I said, “His voice didn't save our marriage.”

I felt sick all Monday and Tuesday.
Satyr,
I remembered saying; and,
You'll never get beyond your hardwiring;
and, most of all,
I miss you, too.

Late Tuesday night I finally told myself,
Enough.
Even if I had said something wrong, it probably wasn't what I would guess.

Replaying everything was just like what I did when I got a shot: I'd pinch myself so I could feel like I was in charge of the pain.

. . . . .

Wednesday, I still hadn't decided whether I was going to the last class.

“Are you nuts?” Laurie said. “What else do you need to know?”

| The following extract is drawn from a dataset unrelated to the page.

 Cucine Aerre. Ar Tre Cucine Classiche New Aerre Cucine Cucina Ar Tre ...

“Go,” Sam said. “See what the guy has to say.”

On the subway down to the New School, I was disgusted with myself. I'd once read that Ronald Reagan always followed the advice of the last person he'd talked to. I thought,
You're like Ronald Reagan.

. . . . .

Bobby wasn't in class.

I found my painting from the week before and placed it on my easel. It was so wild it was hard to believe it was mine.

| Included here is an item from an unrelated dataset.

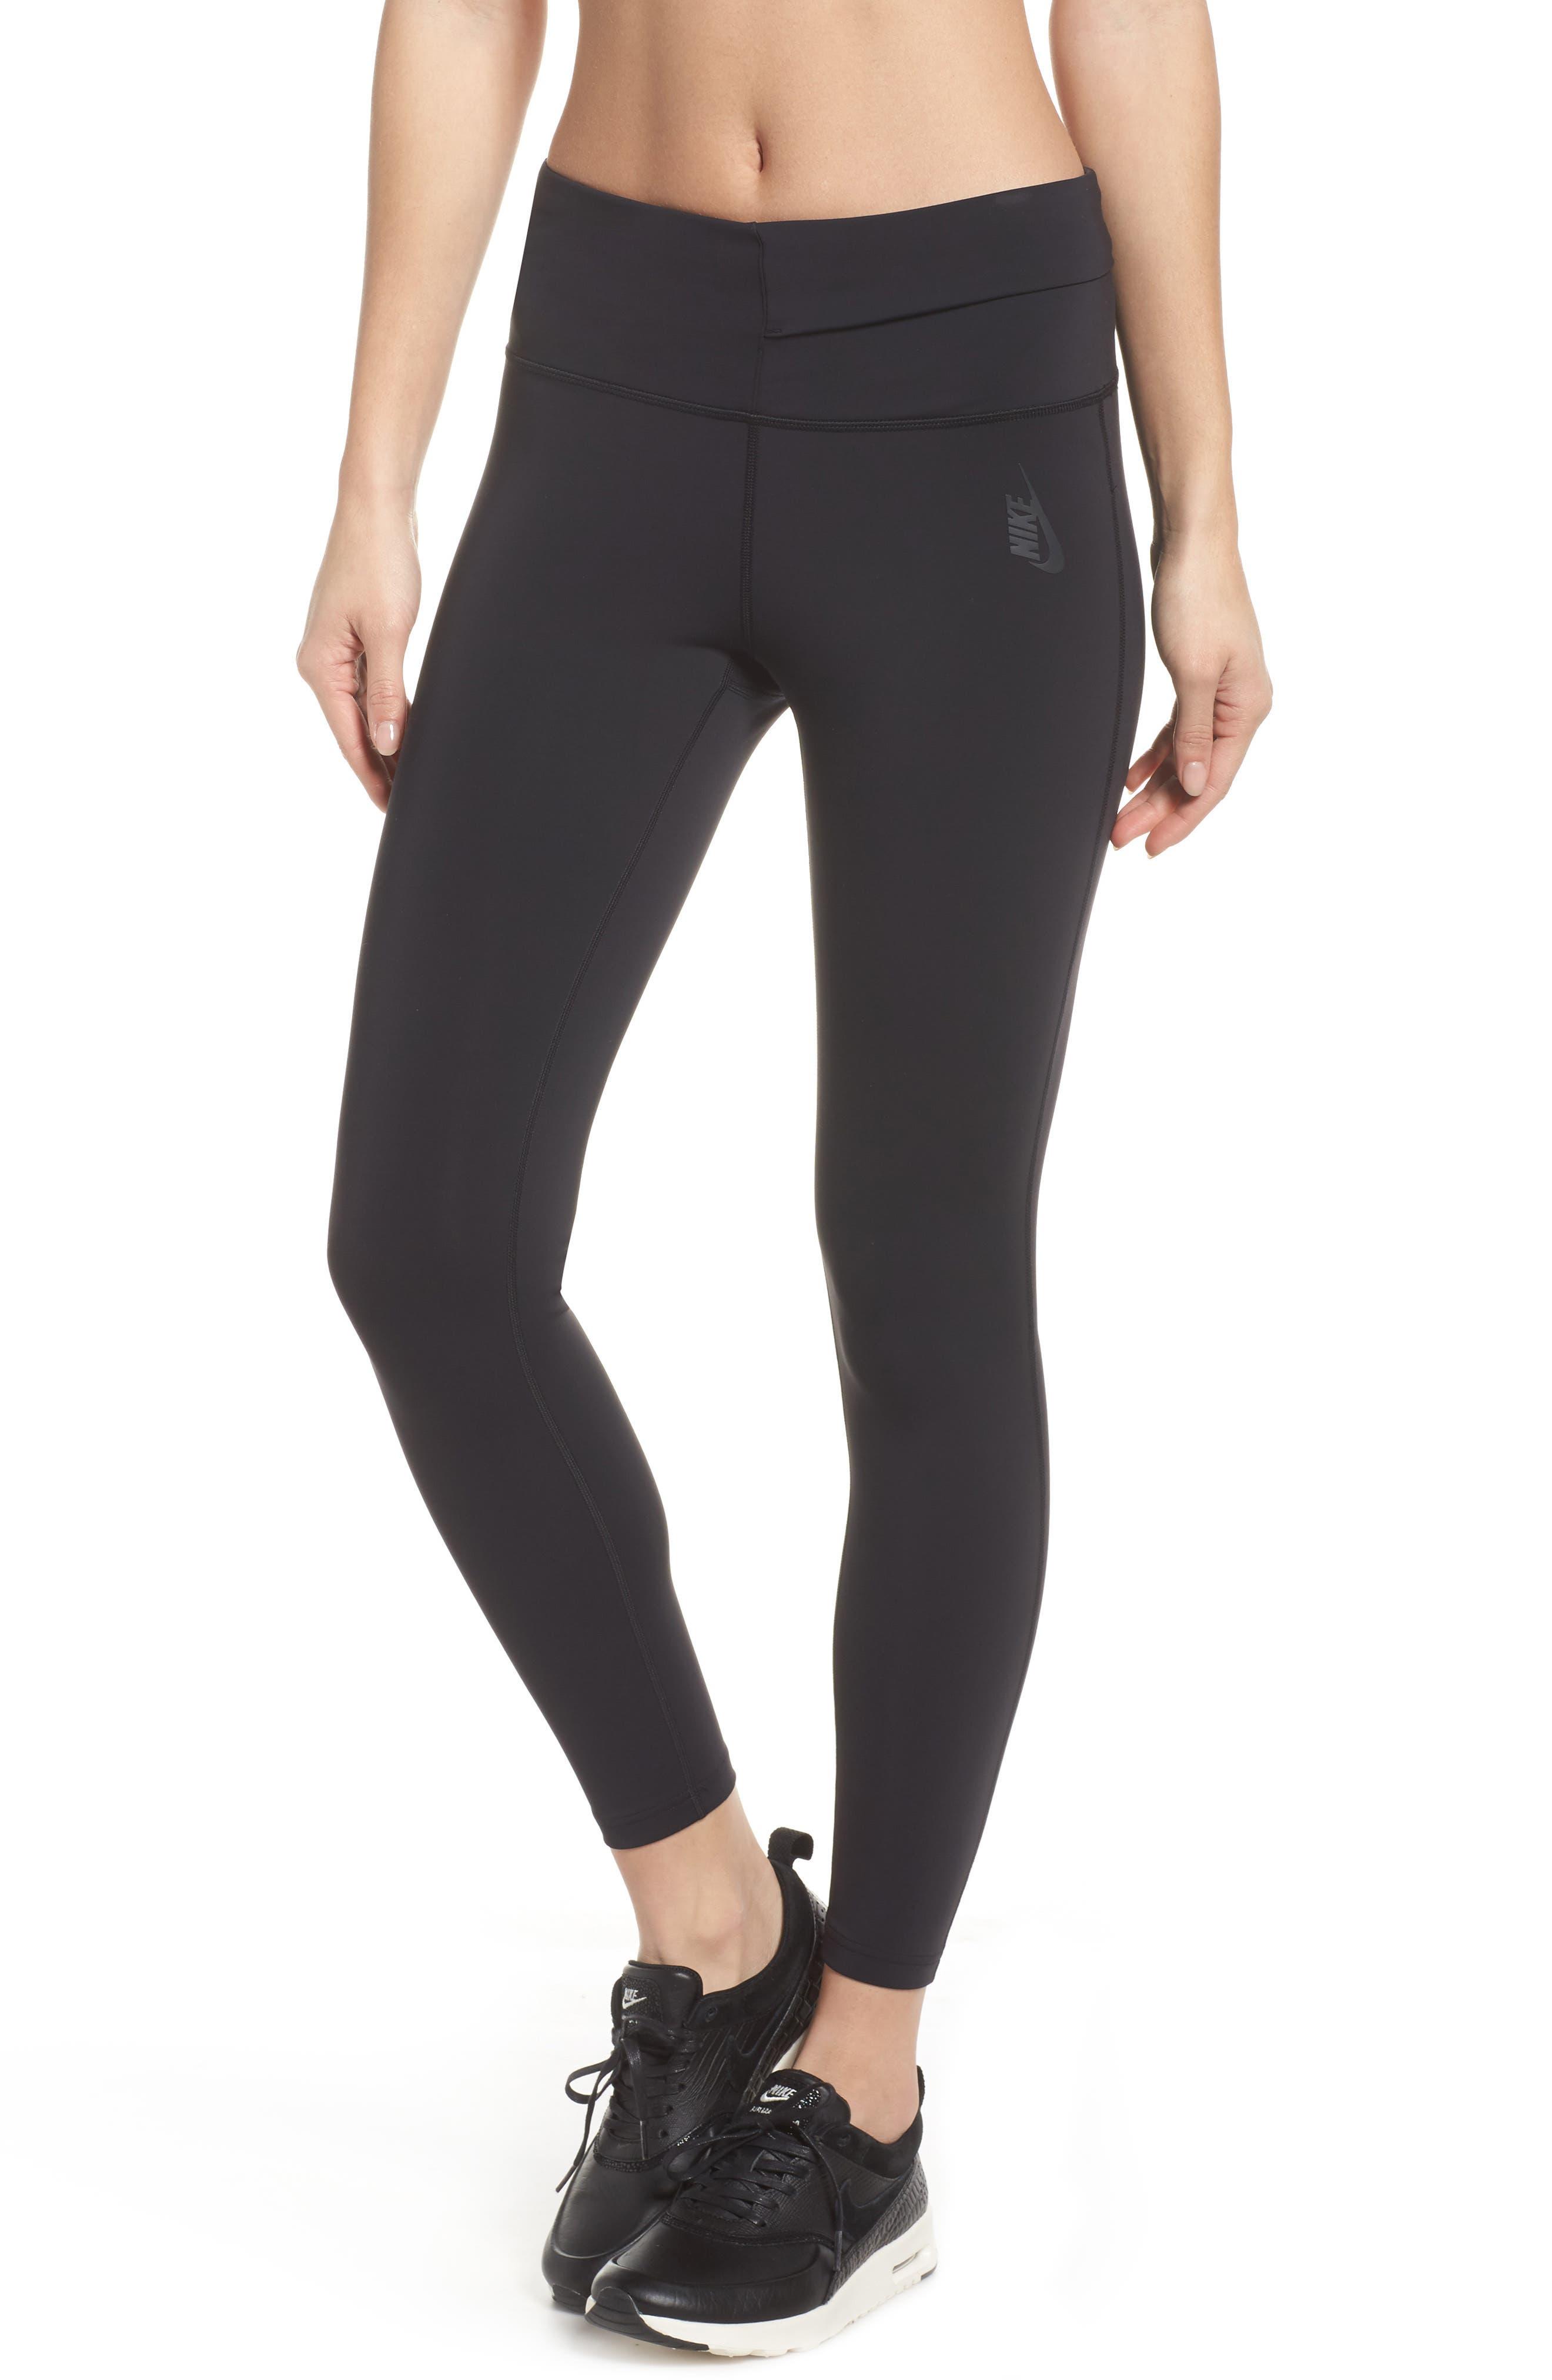 NikeLab Women's Tights,                         Main,                         color, BLACK/ BLACK

Bert reclined into last week's pose.

Margo moved her stool closer to mine. In a low voice she said, “I went out with Bert.”

“You're kidding,” I said. “How was it?”

“Fun,” she said. “He drives a cab. Did you know that? I drove around with him.”

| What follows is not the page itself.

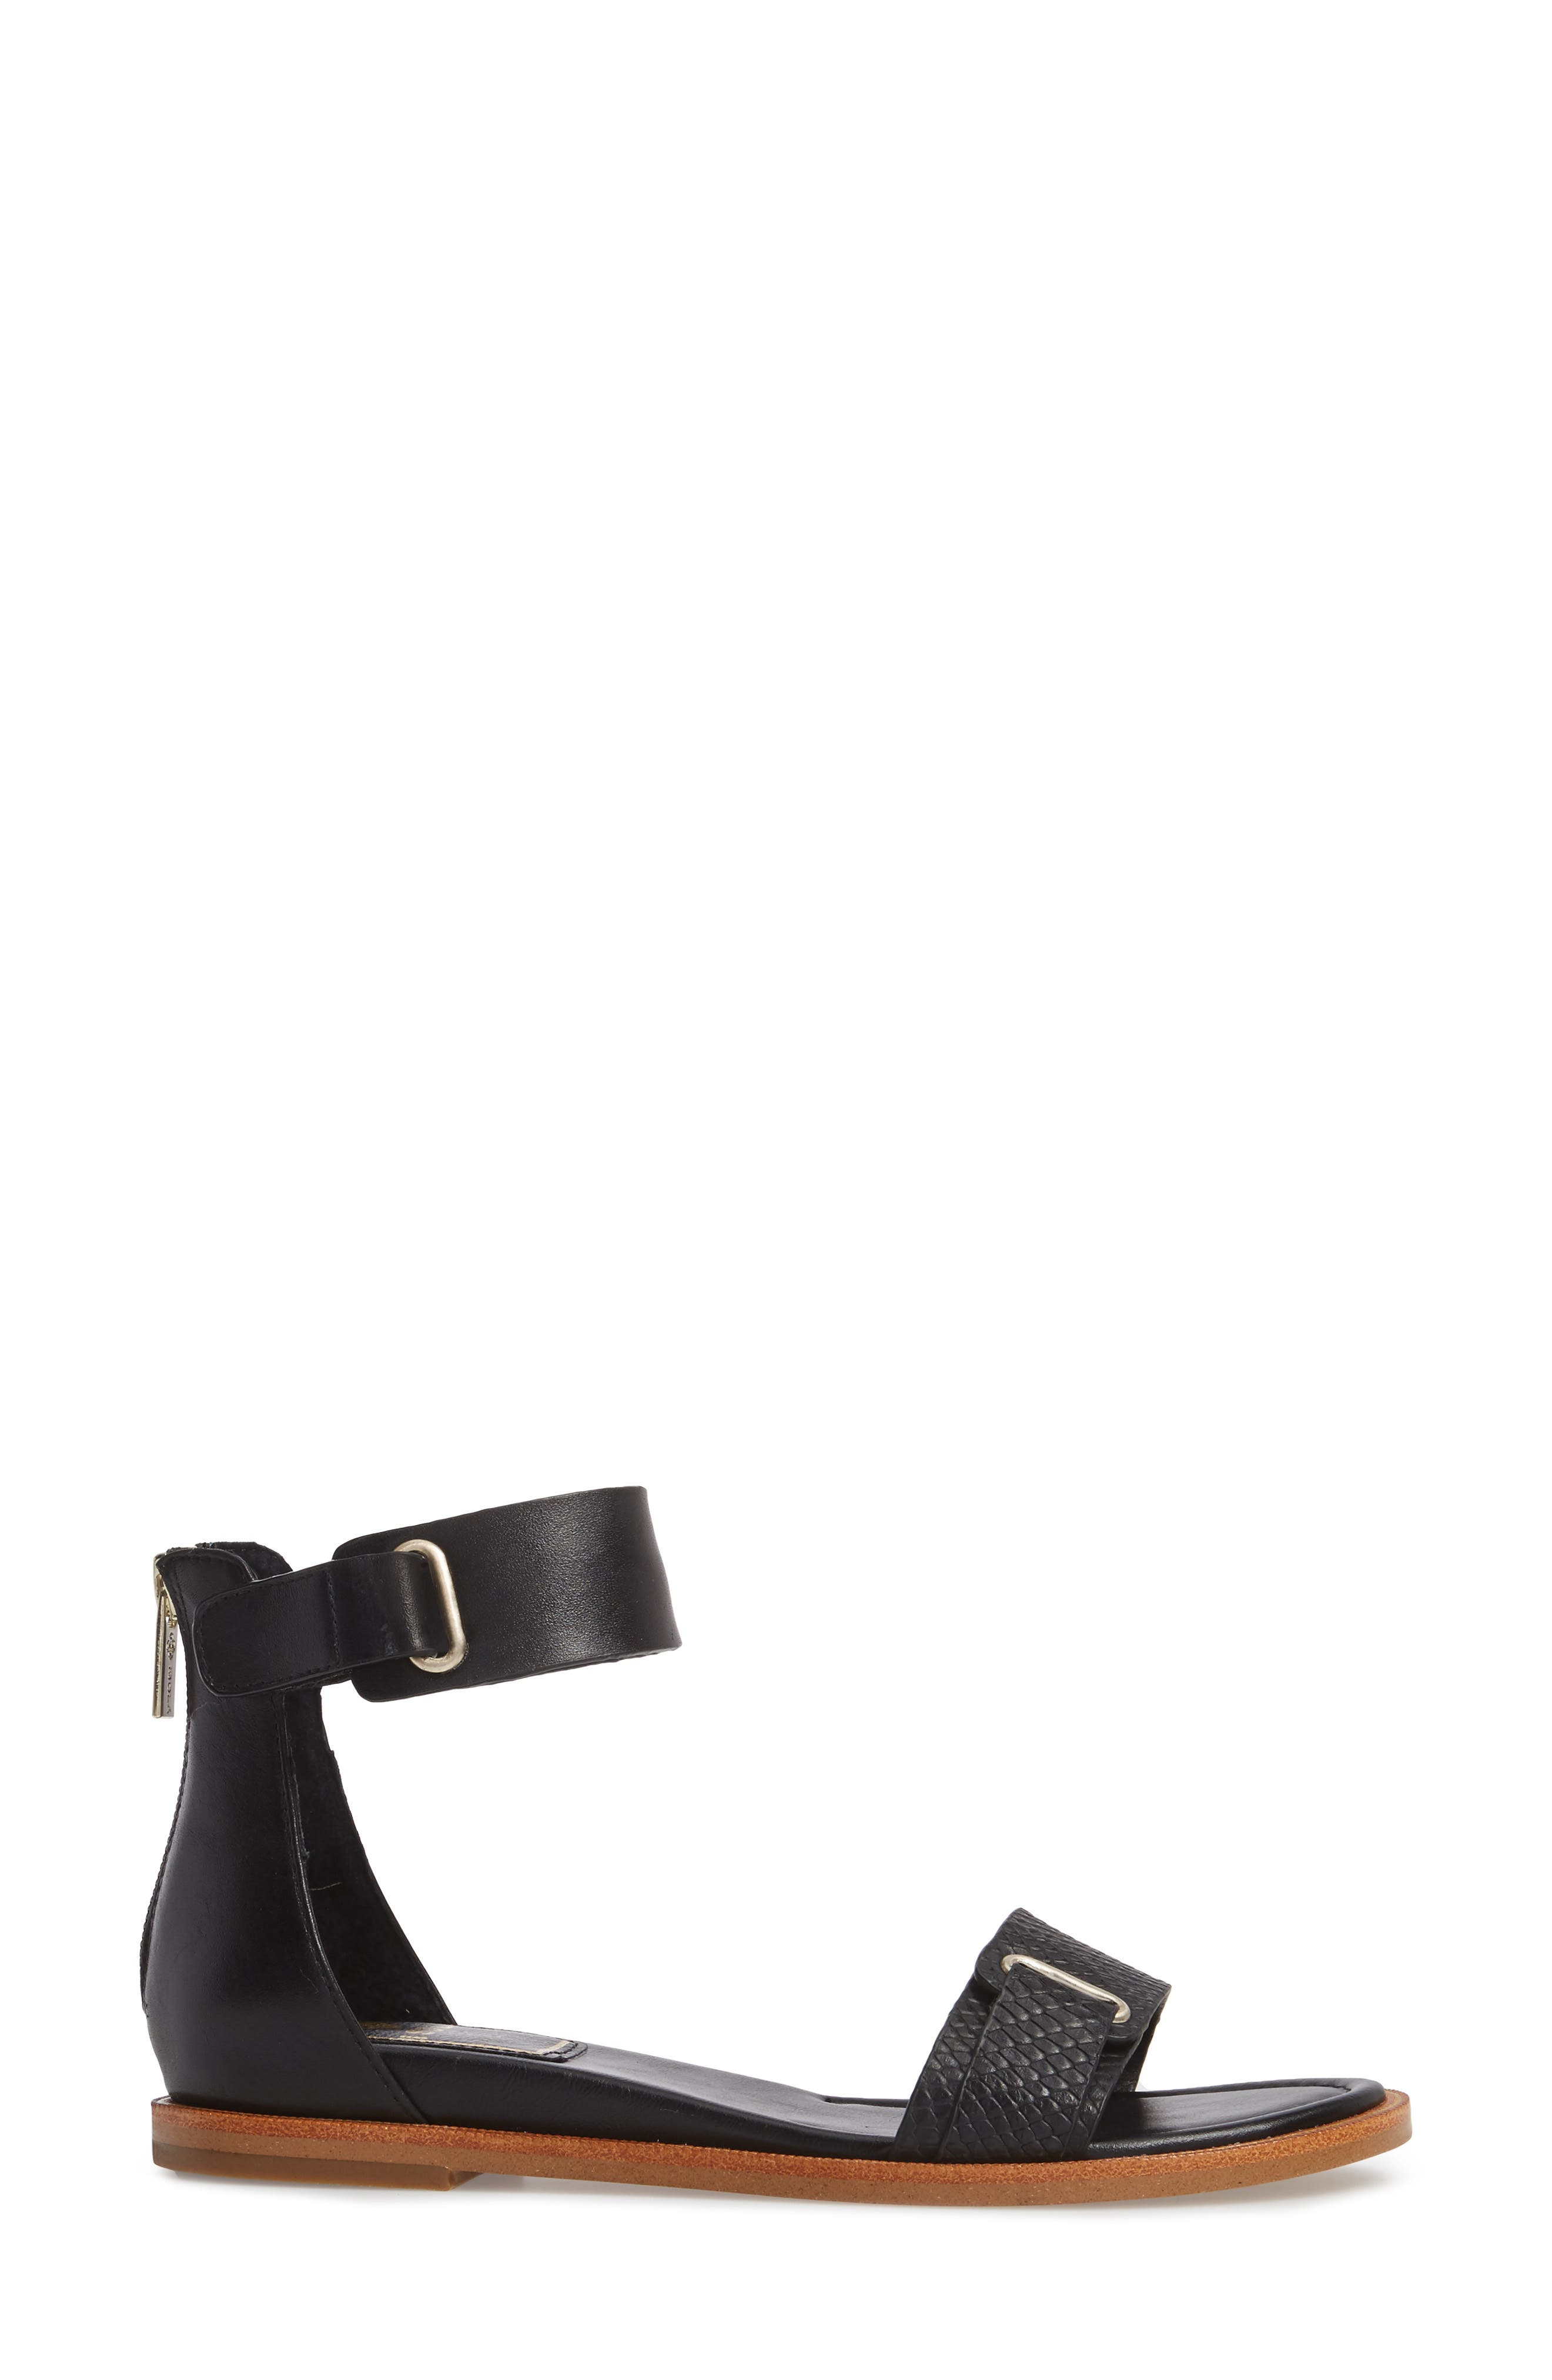 ISOLÁ, Savina Ankle Strap Sandal, Alternate thumbnail 3, color, BLACK LEATHER

She acted like we were good friends, and just then we were.

For over an hour I looked from Bert to my painting and back. When Maureen came up and stood looking at it with me, I said, “I don't know what to do with this.”

She said, “Maybe it's finished,” and I decided it was.

I didn't have time to start a new painting before our end-of-class party, so I went outside to smoke a cigarette.

. . . . .

Bobby was leaning against a car and stood when he saw me; he'd traded his crutches for a cane. “Be nice to me,” he said. “I'm a cripple.”

He lit a cigarette for himself and one for me. He said, “I'm sorry about Saturday,” in a tone that was polite and detached; he might've said,
I'm sorry about your cold.

What I'd loved about him in Union Square was what I hated about him now: He made me feel fifteen. Polite and detached, I said, “What happened?”

“I was watching an old movie of my mother's on TV. I mean, she just had a small part.” She was a nightclub singer, he went on to say; he struggled to remember the title of the movie, as though this was the information I wanted from him. “Anyway,” he said, “I passed out.”

“No,” I said. For a moment, I was as Maureen-strong as I wanted to be. “What I meant was,
What happened?

I saw now that his hand was trembling. “I don't know.”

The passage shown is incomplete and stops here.